We tend to stick to choices we made although they might have been completely wrong. For instance you may think that your colleague is a great doctor even if you often need to adjust medication doses prescribed by him/her to avoid overdose.

6. Clustering illusion

Do you often see patterns in random events? Then you might be suffering from clustering illusion, which is one of the main reasons doctors sometimes make bad decisions after seeing lots of patients with the same disease (they think that the symptoms are similar and follow a certain pattern, while in reality it is far from being true).

7. Confirmation bias

Confirmation bias means that we only listen to information that confirm our preconceptions. People suffering from this bias tend to be terrible teachers, scientists or doctors.

8. Conservatism bias

Sometimes we tend to stick with prior evidence and do things we always have been doing. We are slow to accept that cholesterol might actually not be so bad for our heart as we used to be taught that it should be avoided at all cost if we wanted to decrease a risk of having a heart attack.

9. Information bias

Information overload is a reality and we sometimes search for more information on a topic although we actually do not need to do so.

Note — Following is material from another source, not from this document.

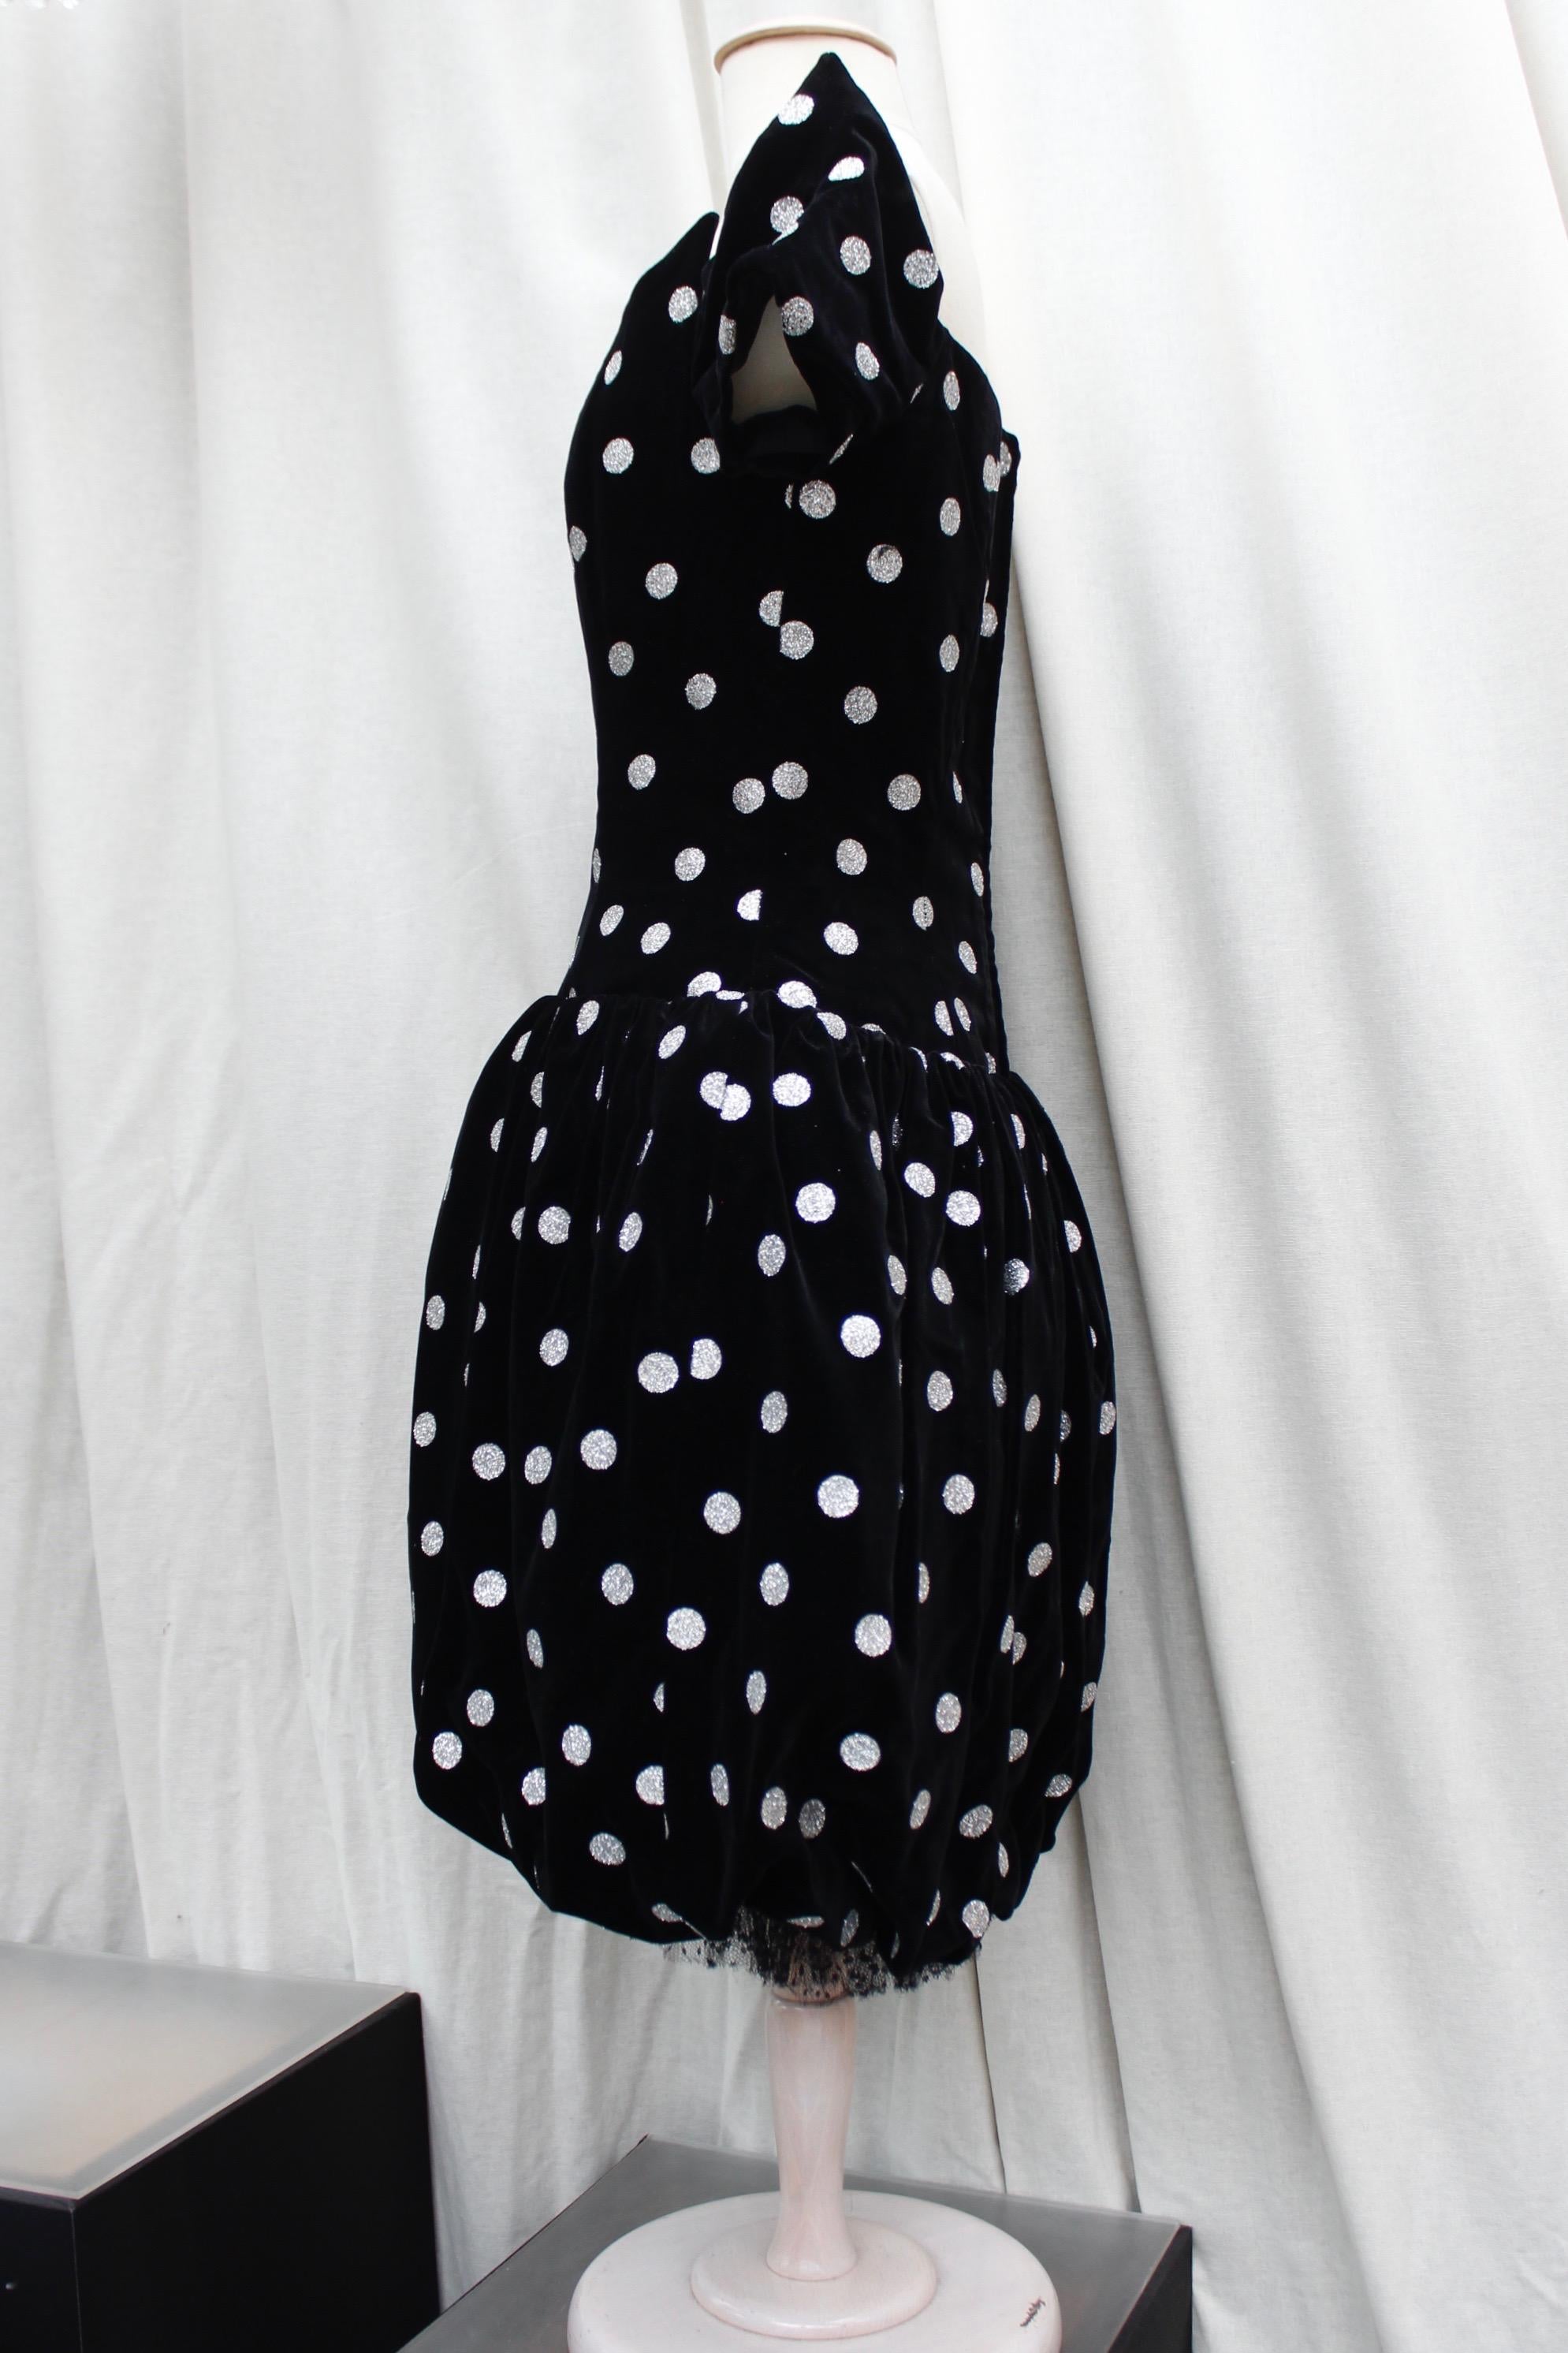 Women's Lanvin lovely ball-shaped dress in black velvet with silvery dots For Sale

Too much information then harms our decision making capability.

10. Ostrich effect

Ostrich likes to hide their head in the sand if he fears or does not like something. We, humans, tend to act in the similar way when making decisions. But ignoring negative or dangerous information will lead us nowhere and the decision will still have to be made.

11. Outcome bias

Many people base their decisions on past outcomes. But just because a patient survived a meningitis without being given any antibiotics does not mean that skipping antibiotics was a smart decision.

12. Overconfidence

Some people like taking great risks in their daily lives as they are over confident about their abilities. Famous doctors or scientists tend to suffer from over confidence much more than normal people as they are convinced that they are always right. However a disaster usually strikes when we get too confident.

13. Placebo effect

Placebo effect is known in medicine and it means that people believe that by taking a fake pill with no active ingredient they will experience the same results as patients given the actual medication with the active ingredient. In decision making process this bias means that we expect to get a certain effect by just believing that something we did would have such effect.

14. Pro-innovation bias

Again, scientists are frequently victim of this bias. They tend to overvalue usefulness of their inventions while undervaluing their limitations.

15. Recency bias

Sometimes we tend to value new information more than the old information. In research this may mean that doctors may stop using aspirin for fever treatment and start using NSAIDs (ignoring the fact that aspirin actually does less harm to the gut than NSAIDs).

16. Salience

People tend to focus on the most easily recognizable features. For instance when thinking about a graduation exam you may worry about not passing the exam because of the fact that you forgot your exam brochure - which is a pre-requisite for being able to take the exam – at home while statistically it is much more likely that you will not pass the exam because of the fact that you will not answer the questions correctly.

17. Selective perception

We tend to let our expectations affect our way of perception of the world. A bad guy will always expect the worst while a good guy usually expects the best.

18. Stereotyping

Sometimes we tend to expect that products have certain qualities without actually having any supporting information. Such expectations are good to identify products as useful or useless but we should not abuse or overuse this strategy.

19. Survivorship bias

Sometimes we misjudge a situation as we only make decisions based on examples made available to us. For instance you may buy a great business course, which should teach you how to earn one million bucks in a year selling products on Amazon, yet when you actually buy the course and follow the instructions you will learn that becoming rich is not that easy as you did not have all information before purchasing the course (e.g. mainly information about the majority of purchasers, who actually purchased the course and failed to earn a dime).

20. Zero-risk bias

People tend to love certainty even if it is not good for them. We think that by eliminating all risks there is no chance of any harm being caused.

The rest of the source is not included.